## SUPPLIED DATA

━━━━━━━━━━━━━━━━━━━━

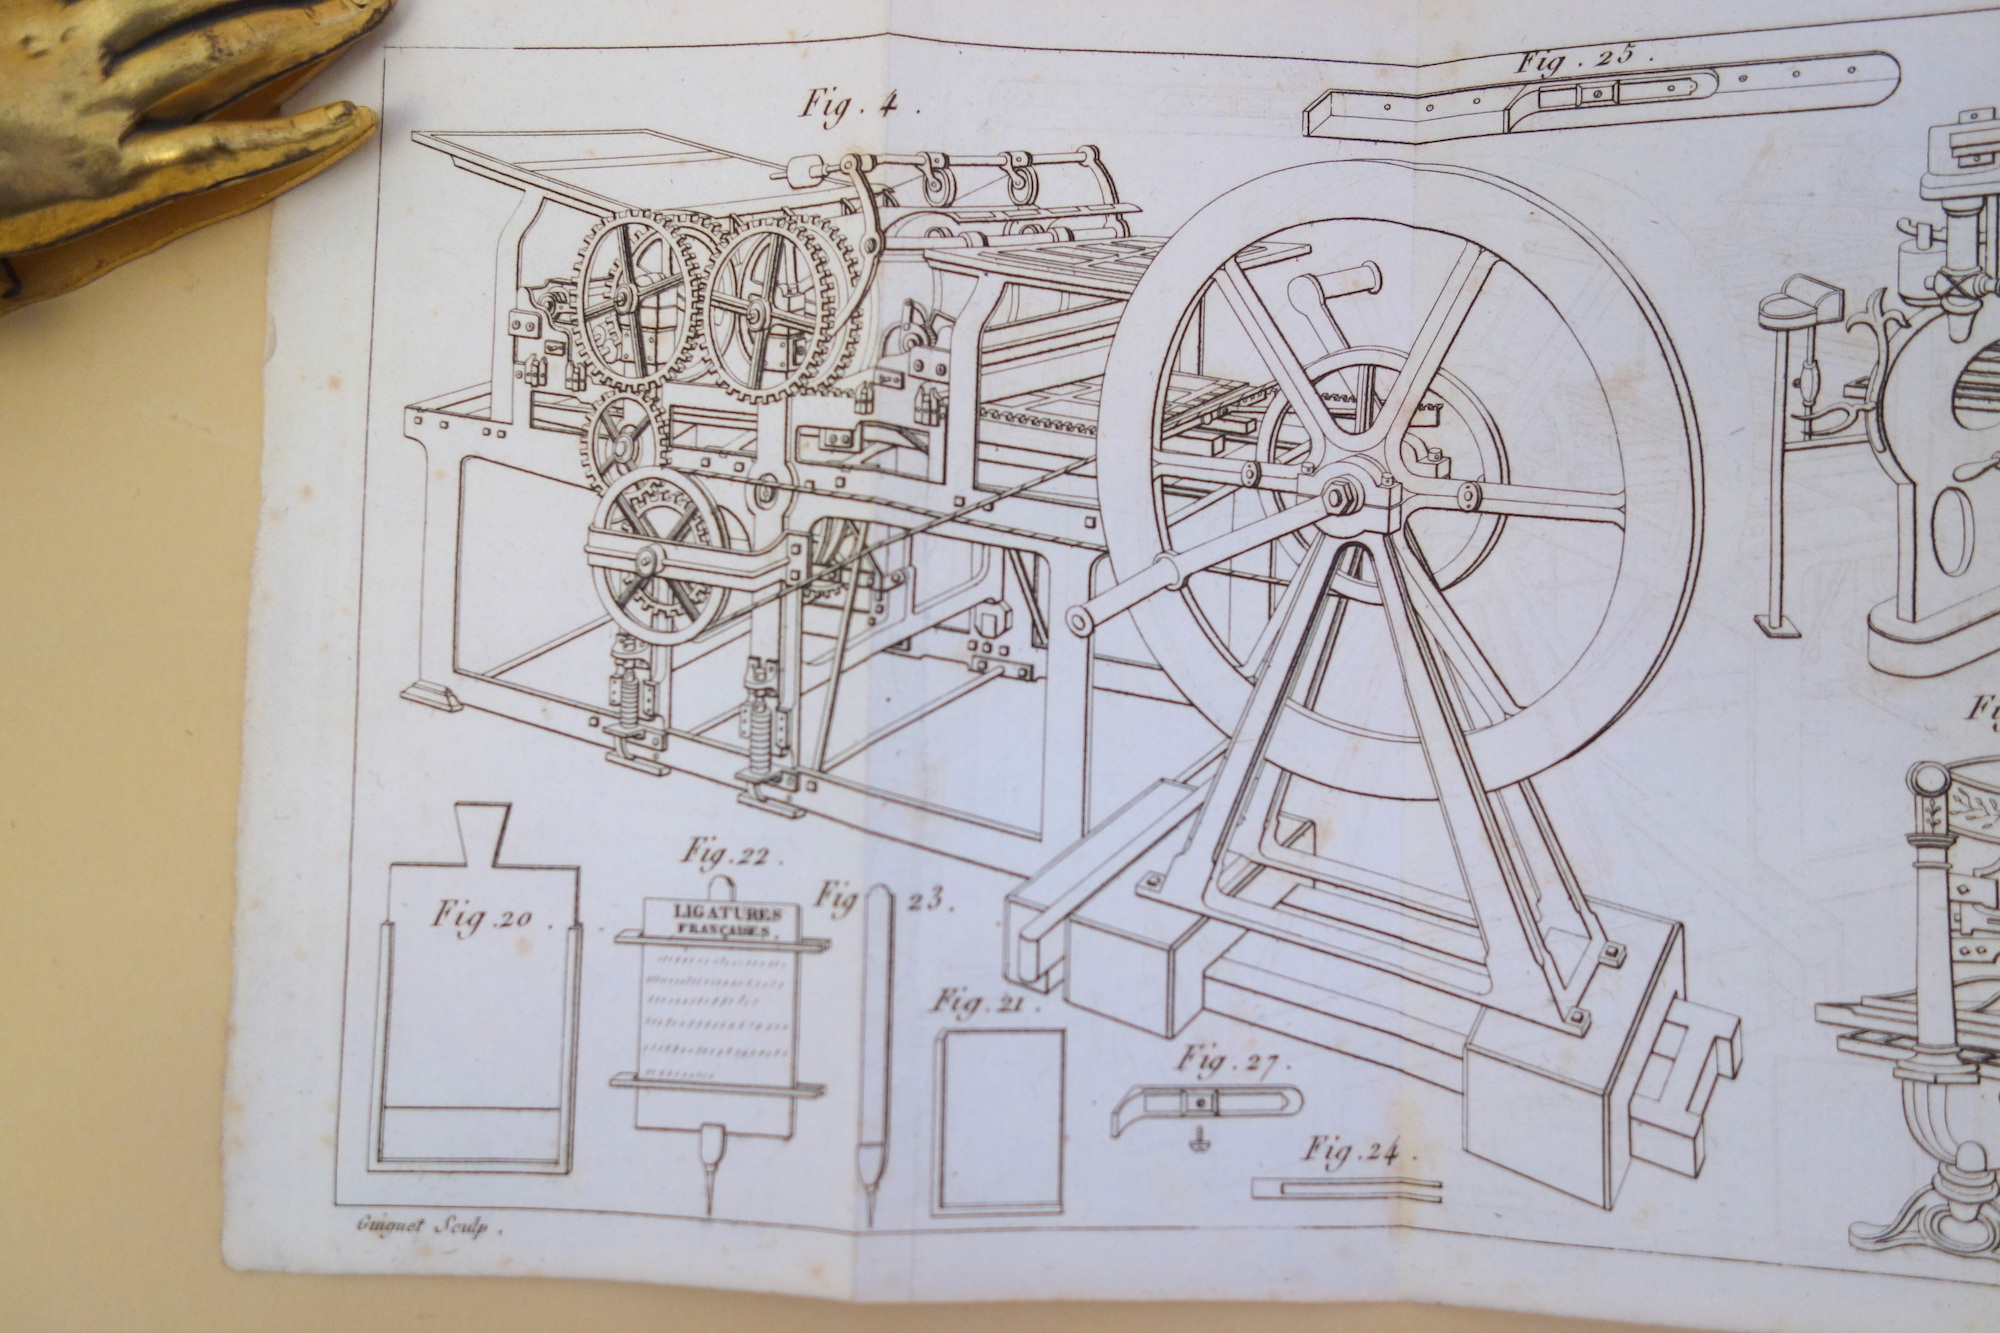 This is the rotary machine that Geronval says was ordered for the printing of the Journal des débats, the most widely read newspaper in France during the Restoration and July Monarchy periods
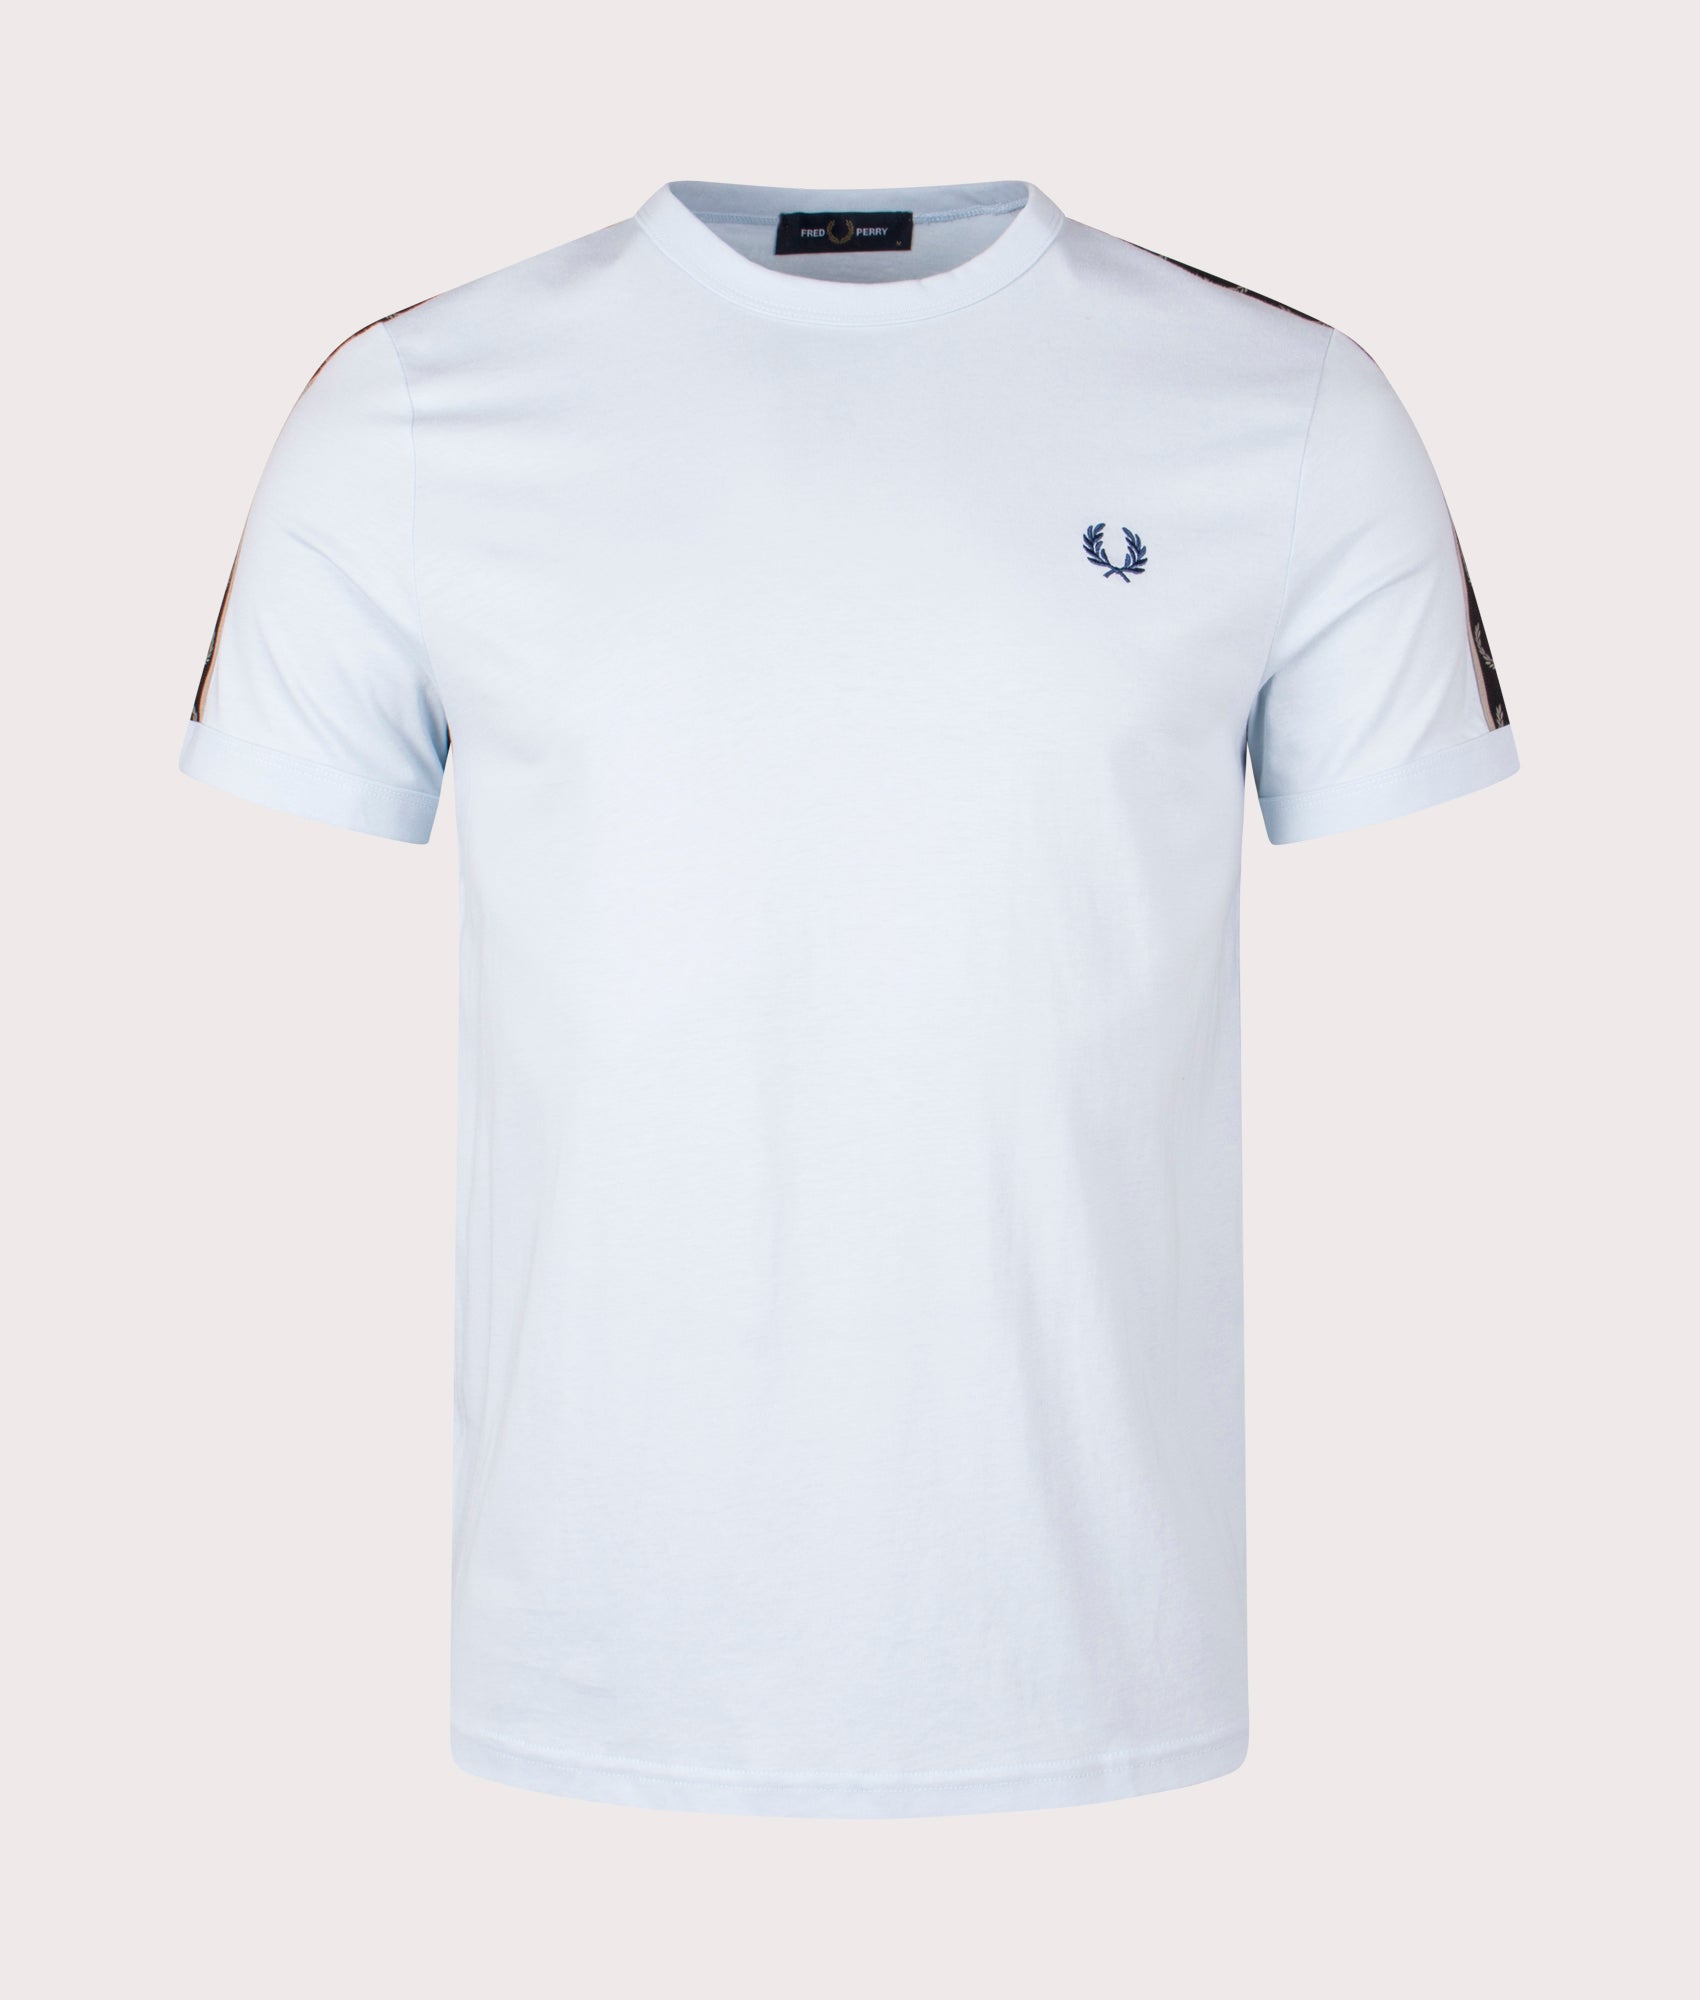 Fred Perry Mens Contrast Tape Ringer T-Shirt - Colour: V27 Light Ice/Warm Grey - Size: Medium
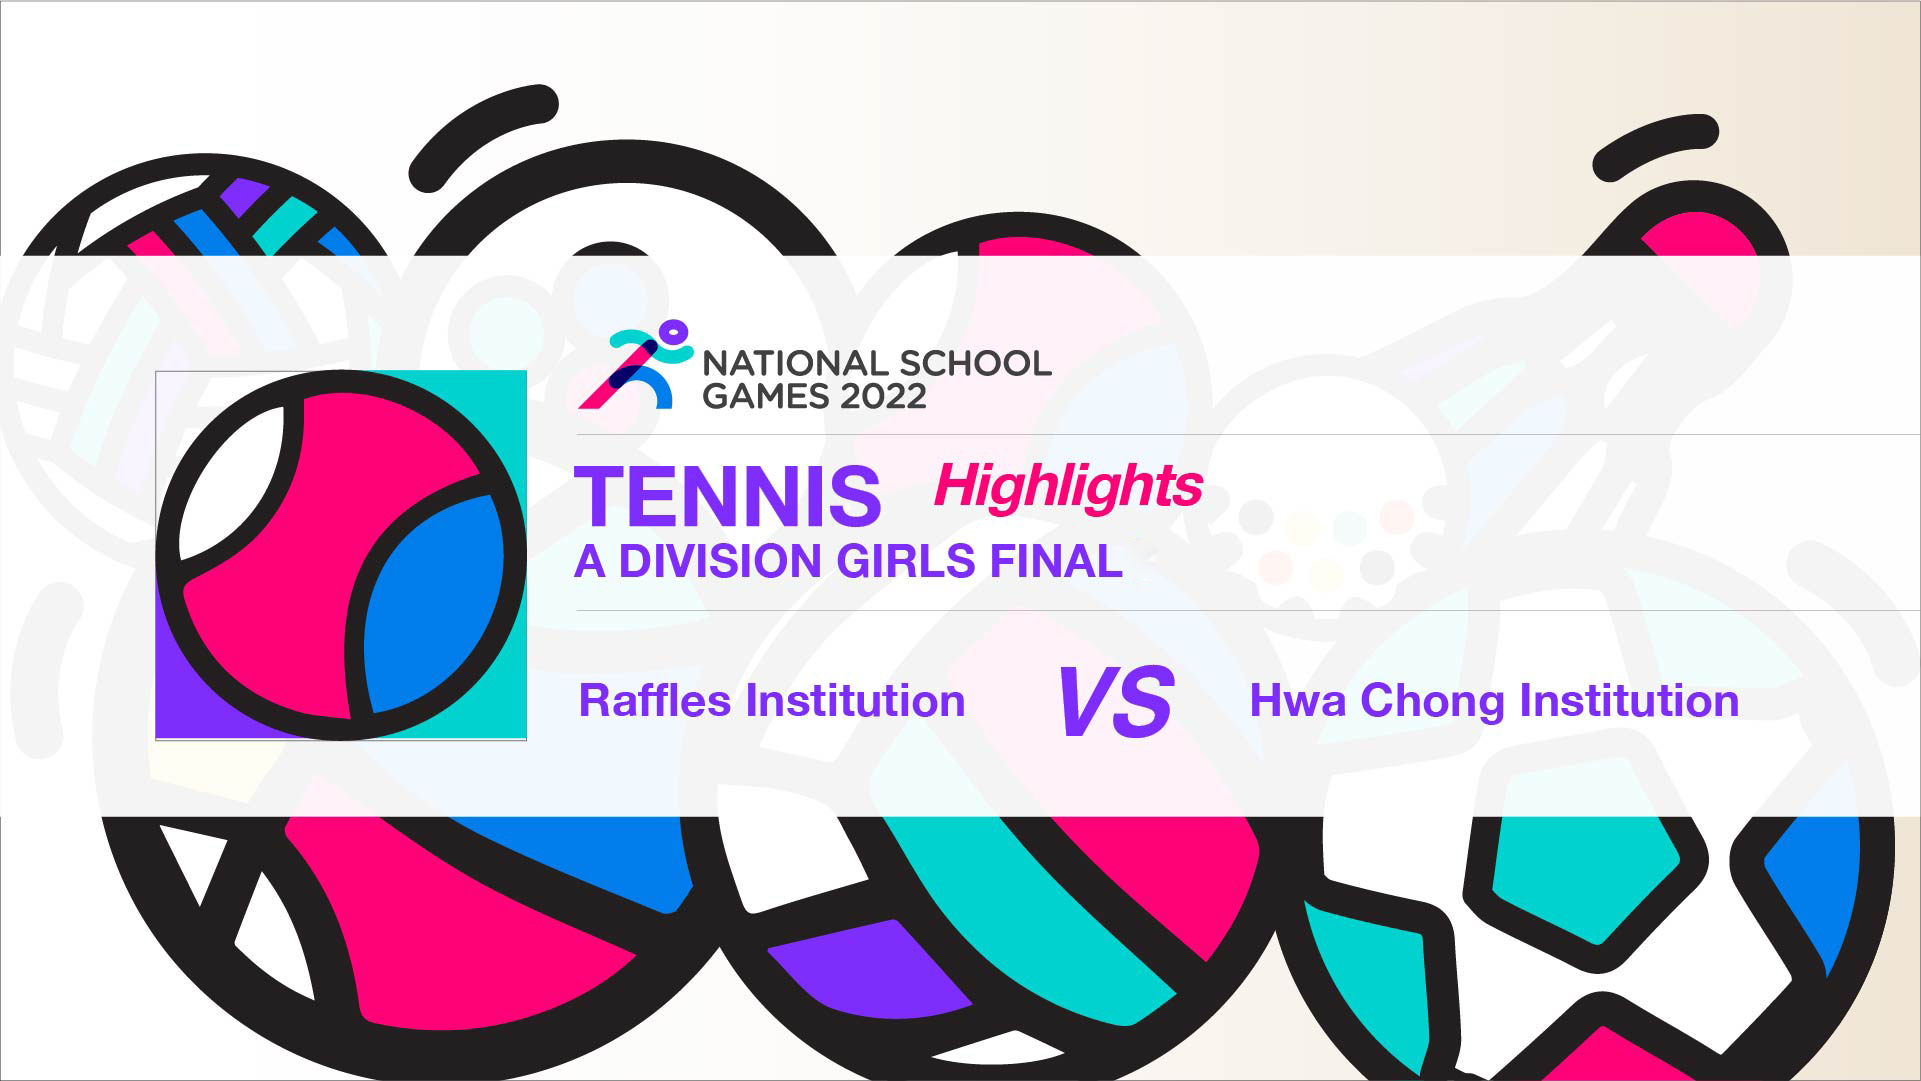 SSSC Tennis National A Division Girls Final | Raffles Institution vs Hwa Chong Institution - Highlights

━━━━━━━━━━━━━━━━━━━━

## TASK BRIEF
Word for word, restate the material above; do not carry over the pictures.

## SOLUTION TO THIS TASK
 This is the rotary machine that Geronval says was ordered for the printing of the Journal des débats, the most widely read newspaper in France during the Restoration and July Monarchy periods
 Fred Perry Mens Contrast Tape Ringer T-Shirt - Colour: V27 Light Ice/Warm Grey - Size: Medium
 SSSC Tennis National A Division Girls Final | Raffles Institution vs Hwa Chong Institution - Highlights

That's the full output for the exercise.